Warum Hot-Swap funktionierte: Der Server war so konfiguriert, dass Festplatten im laufenden Betrieb getauscht werden können. Während des RAID-Rebuilds lief das System mit reduzierter Performance weiter - für die Benutzer kaum spuerbar.
Das Ergebnis
Um 06:00 Uhr begann die Frühschicht wie jeden Tag. Die 45 Produktionsmitarbeiter merkten nichts von dem naechtlichen Einsatz. Das ERP-System lief stabil, die Produktion startete planmaessig. Der RAID-Rebuild war um 09:30 Uhr abgeschlossen - im Hintergrund, ohne Einschränkungen.
Die Rechnung
Was wäre passiert, wenn die Festplatte während der Produktionszeit ausgefallen wäre?

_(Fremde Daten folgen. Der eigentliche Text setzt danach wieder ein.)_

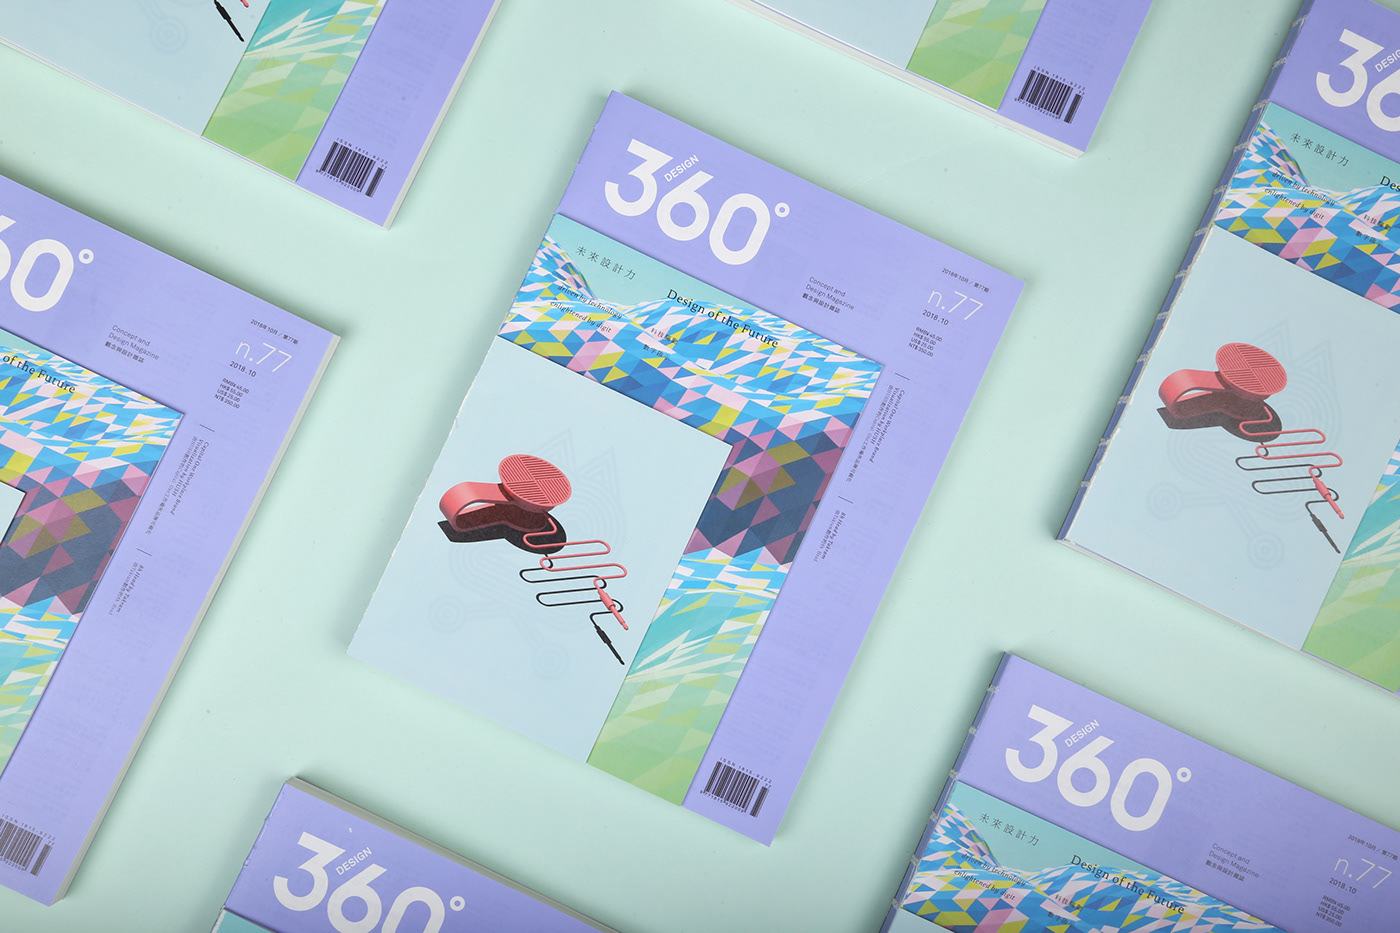 design360 design magazine editorial print Layout Technology digit Korean Design jagda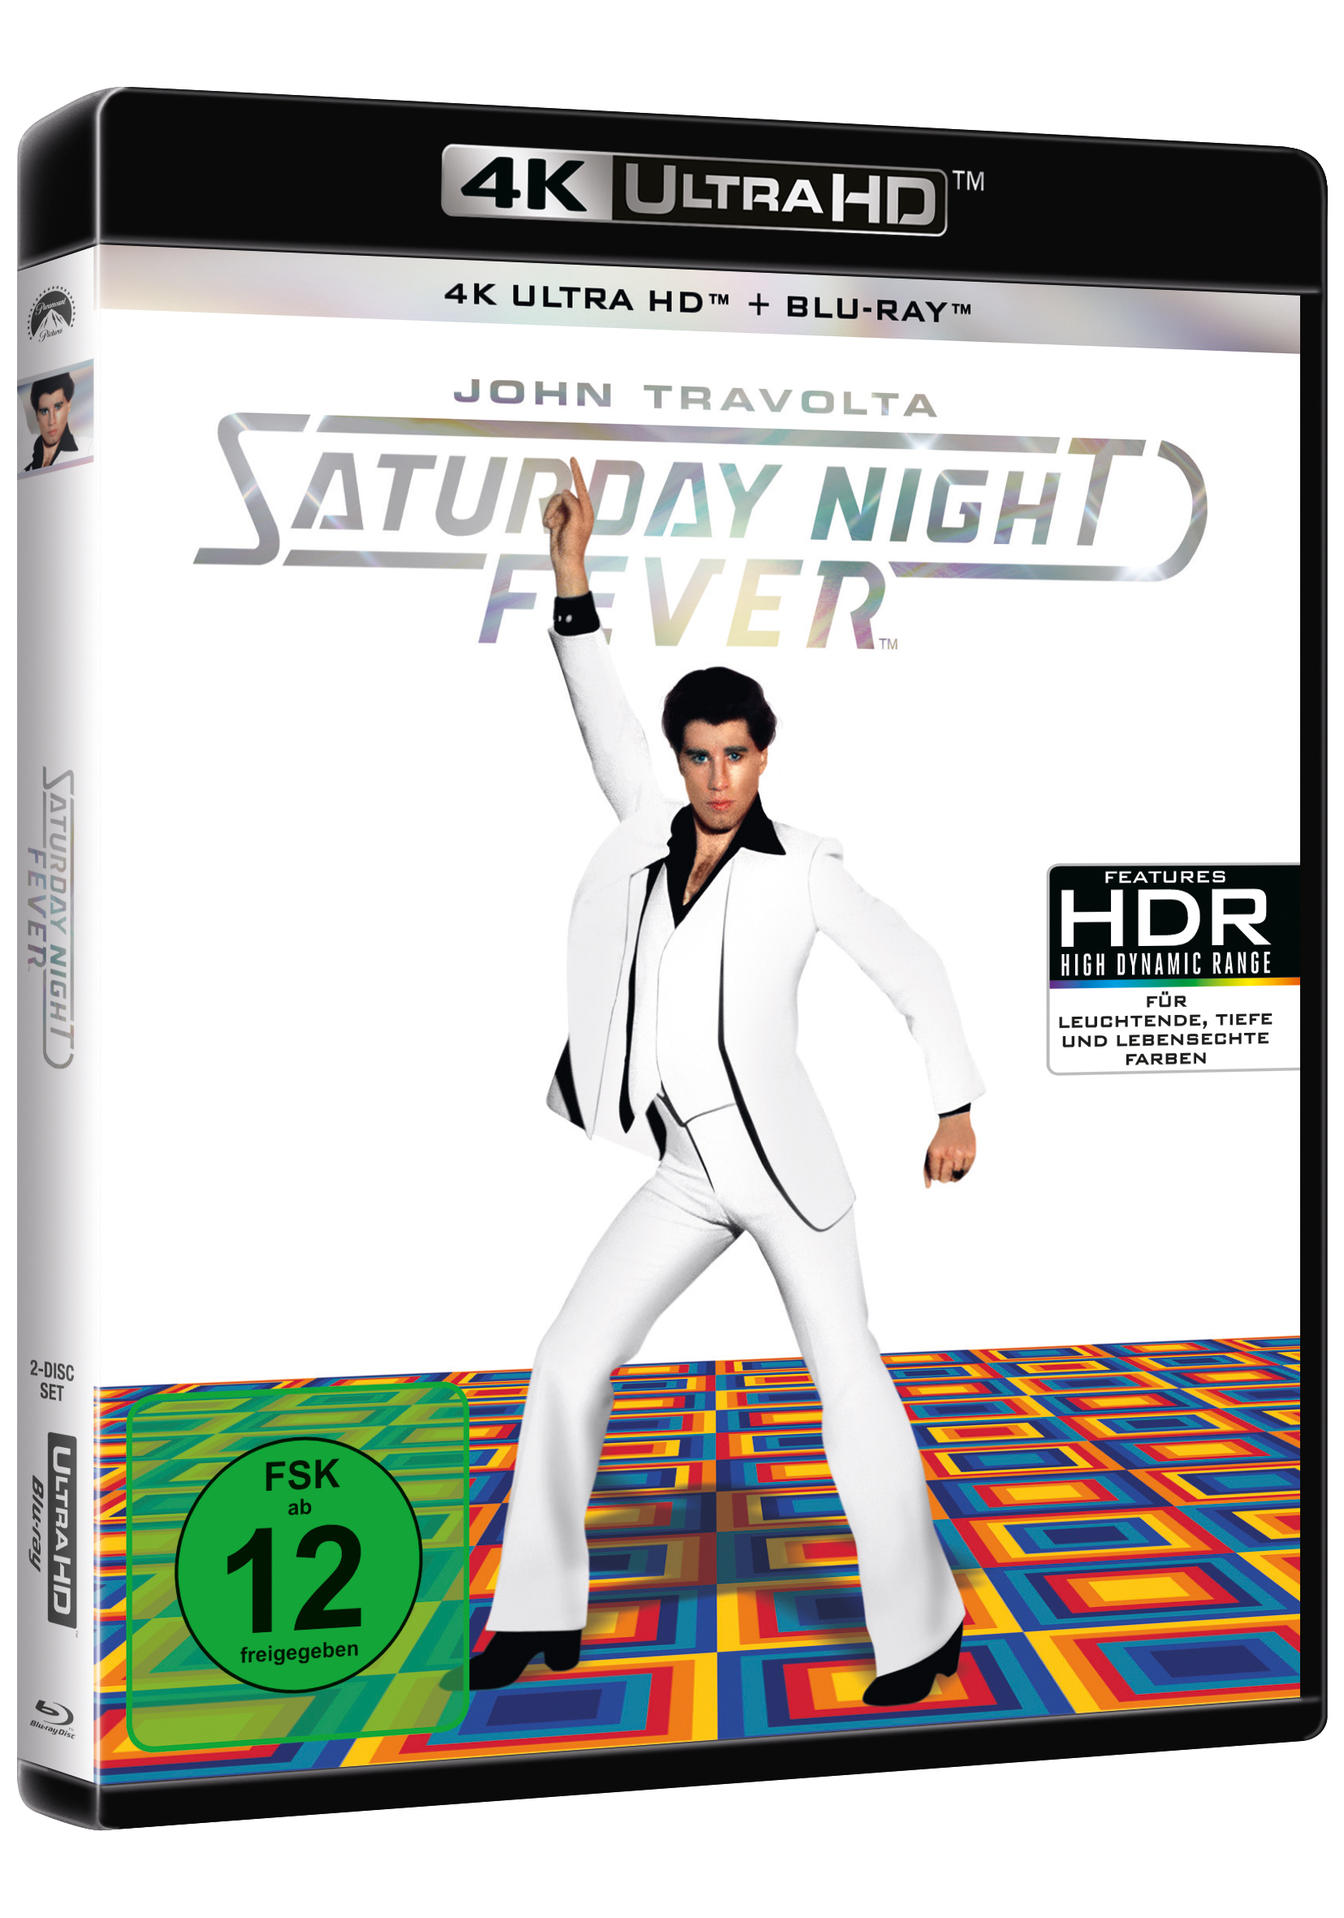 4K Fever Saturday + HD Night Blu-ray Blu-ray Ultra

Eine Schaetzung basierend auf den Angaben des Kunden:
- Produktionsstillstand: Bei 45 Mitarbeitern und einem Stundensatz von 65 EUR ergeben sich rund 2.925 EUR pro Stunde Ausfall
- Lieferverzögerungen: Die Just-in-Time-Vereinbarungen sehen Konventionalstrafen von 500-2.000 EUR pro Stunde vor
- Kundenbeschwerden: Bei einem Totalausfall wären mindestens 3 Lieferungen betroffen gewesen
- Wiederherstellung: Ohne RAID-Redundanz hätte eine Restore-Aktion 4-8 Stunden gedauert
- Konservative Schaetzung: 4 Stunden Ausfall x 20.000 EUR Kosten = 80.000+ EUR direkter Schäden
Die Learnings
Dieser Vorfall verdeutlicht mehrere wichtige Punkte:
- SMART-Monitoring ist kein Nice-to-Have: Festplatten kuendigen ihren Ausfall oft an - aber nur, wenn man hinschaut
- 24/7 Monitoring zahlt sich aus: Der Alert um 02:47 Uhr gab uns 4 Stunden Vorlaufzeit - ohne Monitoring wäre der Ausfall erst um 06:15 Uhr bemerkt worden
- Ersatzteil-Management: Eine passende Festplatte auf Lager zu haben, sparte mindestens einen halben Tag
- Klare Eskalationswege: Die Entscheidung, den IT-Leiter nachts zu wecken, war richtig - und vorher so vereinbart
- Hot-Swap-Fähigkeit: Server richtig zu konfigurieren, ermöglichte den Tausch ohne Downtime
Fazit
Proaktives Monitoring ist keine Kostenposition, sondern eine Versicherung. In diesem Fall verhinderte eine Investition von wenigen hundert Euro pro Monat einen Schäden von geschaetzt 85.000 EUR. Der ROI? Unbezahlbar - zumindest für die 45 Mitarbeiter, die an diesem Morgen wie gewohnt ihre Arbeit beginnen konnten.